2.4 Penelitian yang Relevan
Lusiana (2008) meneliti Pengaruh Kecerdasan Emosional dan
Agresivitas siswa SMA SHALAHUDDIN Malang, dapat ditemukan kecerdasan
emosi siswa SMA Shalahuddin adalah sedang dengan prosentase sebesar
21
72,5%, kecerdasan emosi pada kategori tinggi prosentasenya adalah 11,8%
lebih sedikit dari kecerdasan emosi pada kategori rendah dengan prosentase
15,7%. Serta tingkat agresi siswa-siswi SMA Shalahuddin adalah rata-rata
sedang dengan prosentase 68,6% sedangkan tingkat agresi siswa-siswi SMA
Shalahuddin yang berada pada kategori tinggi adalah 19,6% sedangkan sisanya
11,8% memiliki kategori rendah. Berdasarkan analisis regresi sederhana yang
telah dilakukan diperoleh nilai –0.457. Nilai signifikansi 0.000 sehingga sig.
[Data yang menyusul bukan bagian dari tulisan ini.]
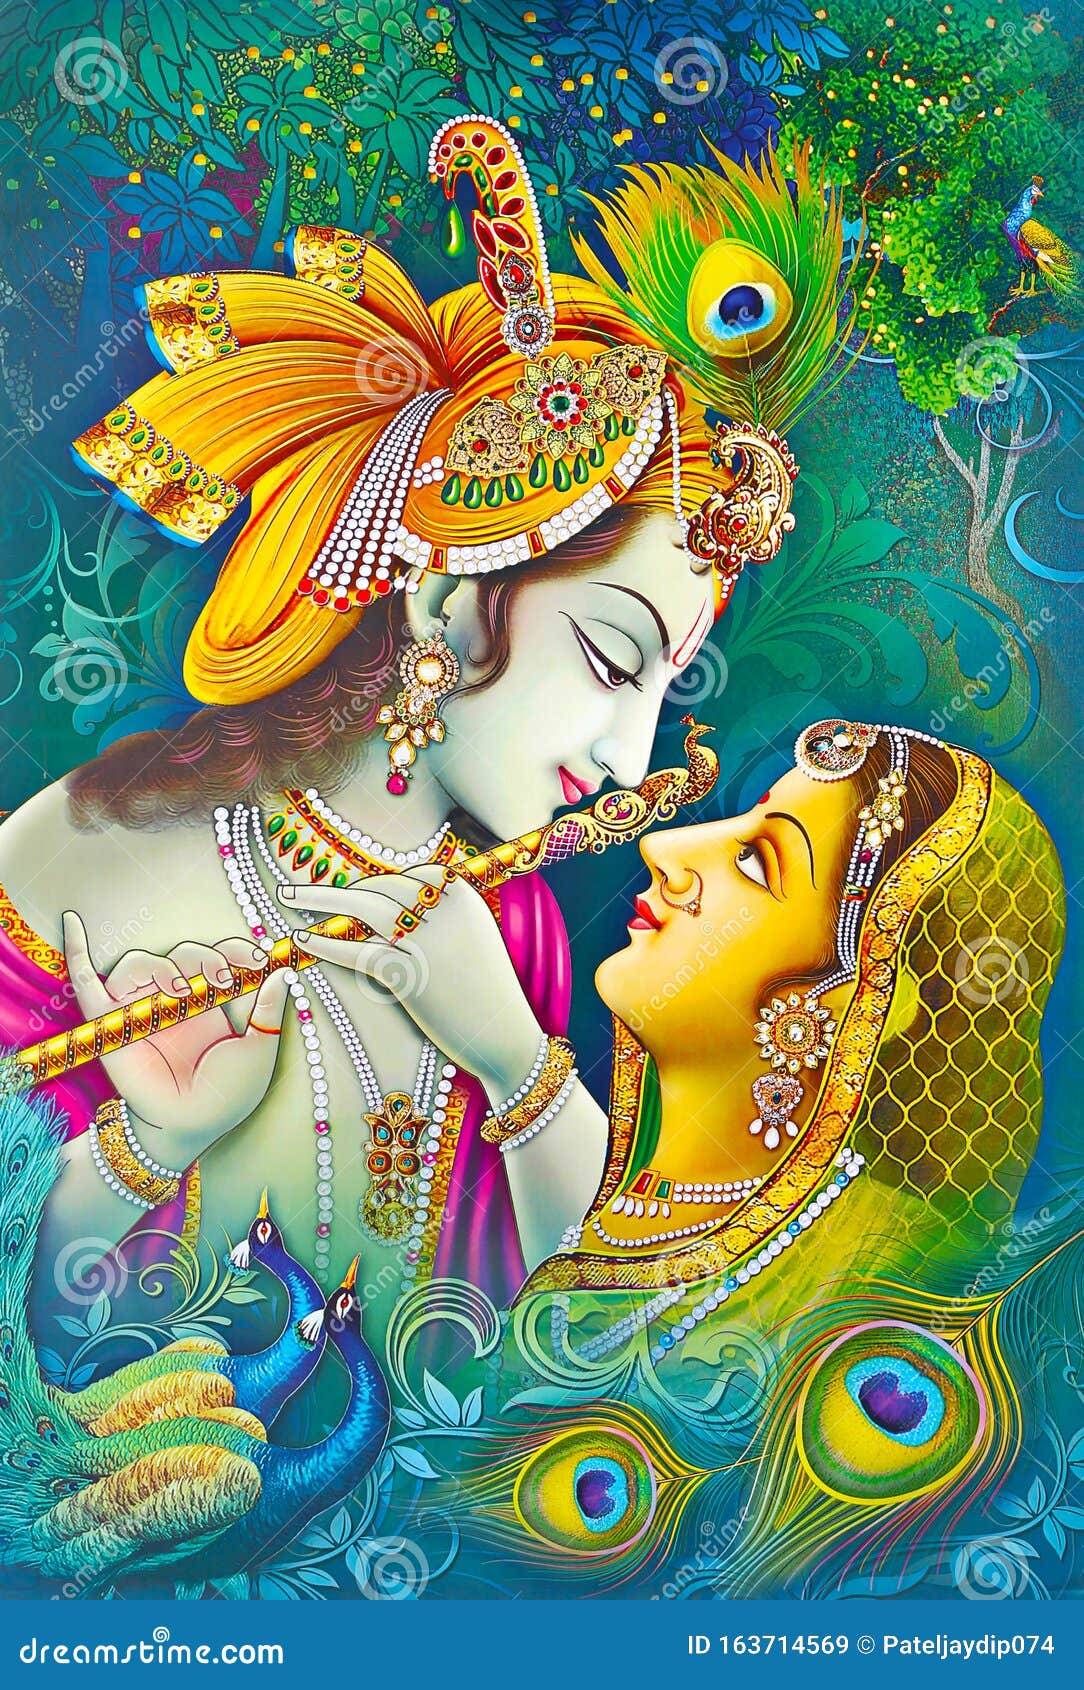 16,629 Krishna Stock Photos - Free & Royalty-Free Stock Photos from  Dreamstime
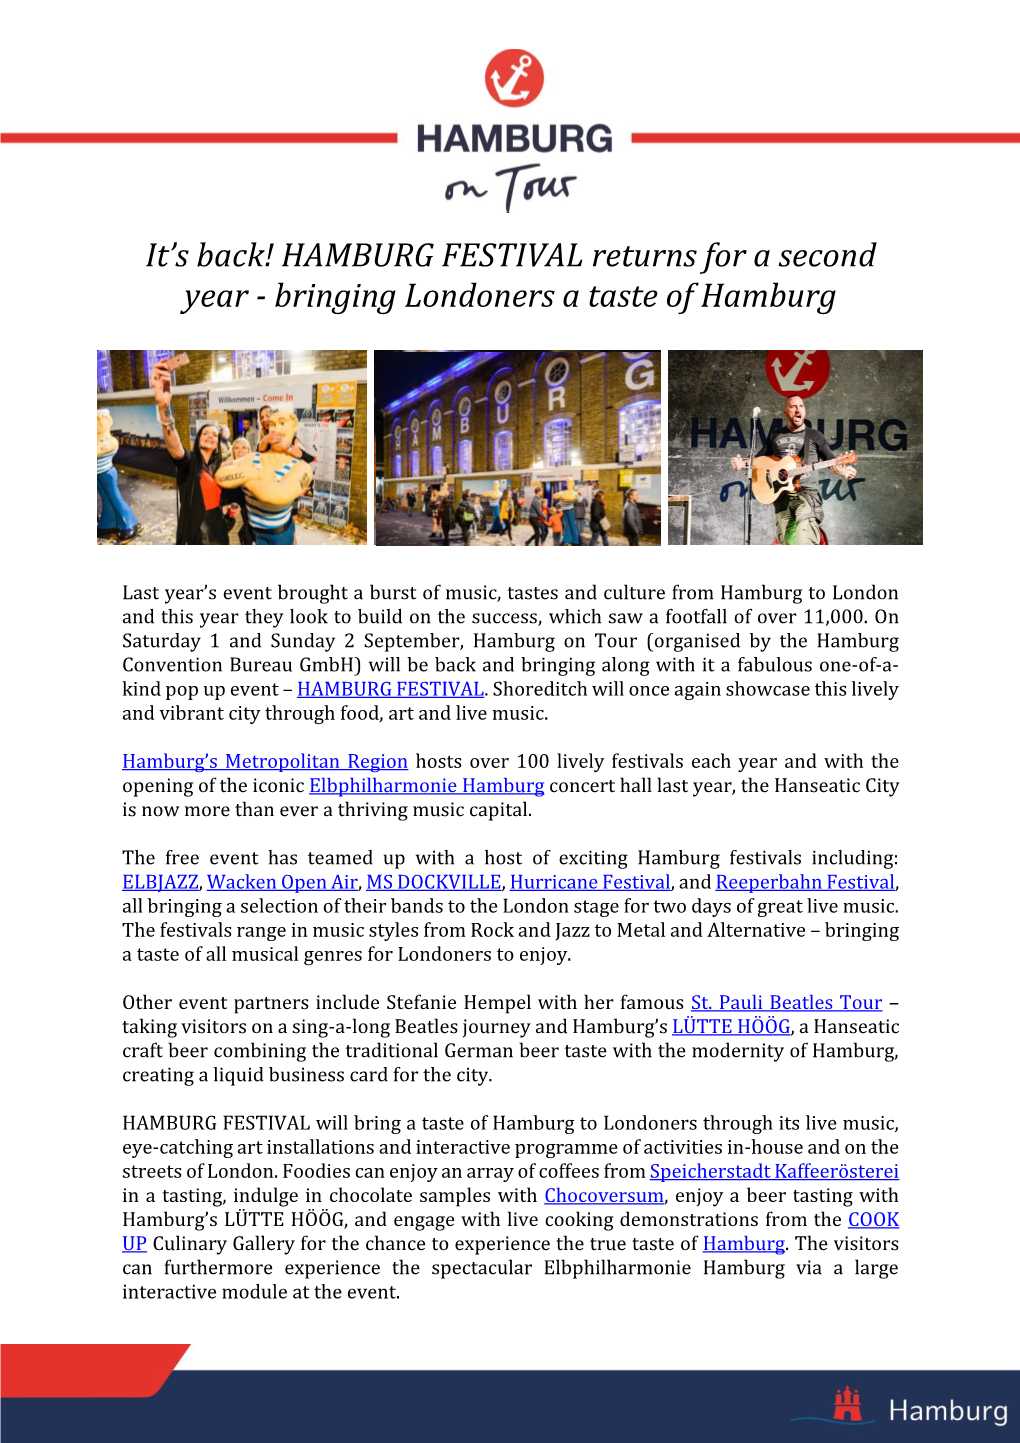 HAMBURG FESTIVAL Returns for a Second Year - Bringing Londoners a Taste of Hamburg

lebih kecil dari nilai alpha (α) yaitu 0.000 < 0.05. Sehingga Ho ditolak berarti
ada pengaruh yangsignifikan antara kecerdasan emosi terhadap agresi.
Selanjutnya penelitian Rahmat Aziz, & Retno Mangestuti, (2006)
mengenai Pengaruh Kecerdasan Intelektual (IQ), Kecerdasan Emosional (EI)
Dan Kecerdasan Spiritual (SI) Terhadap Agresivitas Pada Mahasiswa UIN
Malang , diketahui bahwa , dari hasil nilai R square diperoleh skor .325 artinya
ketiga variabel bebas (kecerdasan intelektual, kecerdasan emosional, dan
kecerdasan spiritual) secara bersama-sama mampu mempengaruhi variabel
terikat (agresivitas) sebesar 32,5% artinya masih ada sekitar 67,5% faktor lain
yang mempengaruhi agresivitas mahasiswa Universitas Islam Negeri Malang.
Faktor tersebut bisa berupa faktor internal (yang berasal dari dalam diri
individu) atau faktor eksternal (faktor yang berasal dari luar individu.
22
2.5 Hipotesis
Hipotesis yang diajukan dalam penelitian ini adalah
Terdapat pengaruh yang signifikan kecerdasan emosi terhadap perilaku
agresivitas siswa SMP N I Sumowono, Kabupaten Semarang.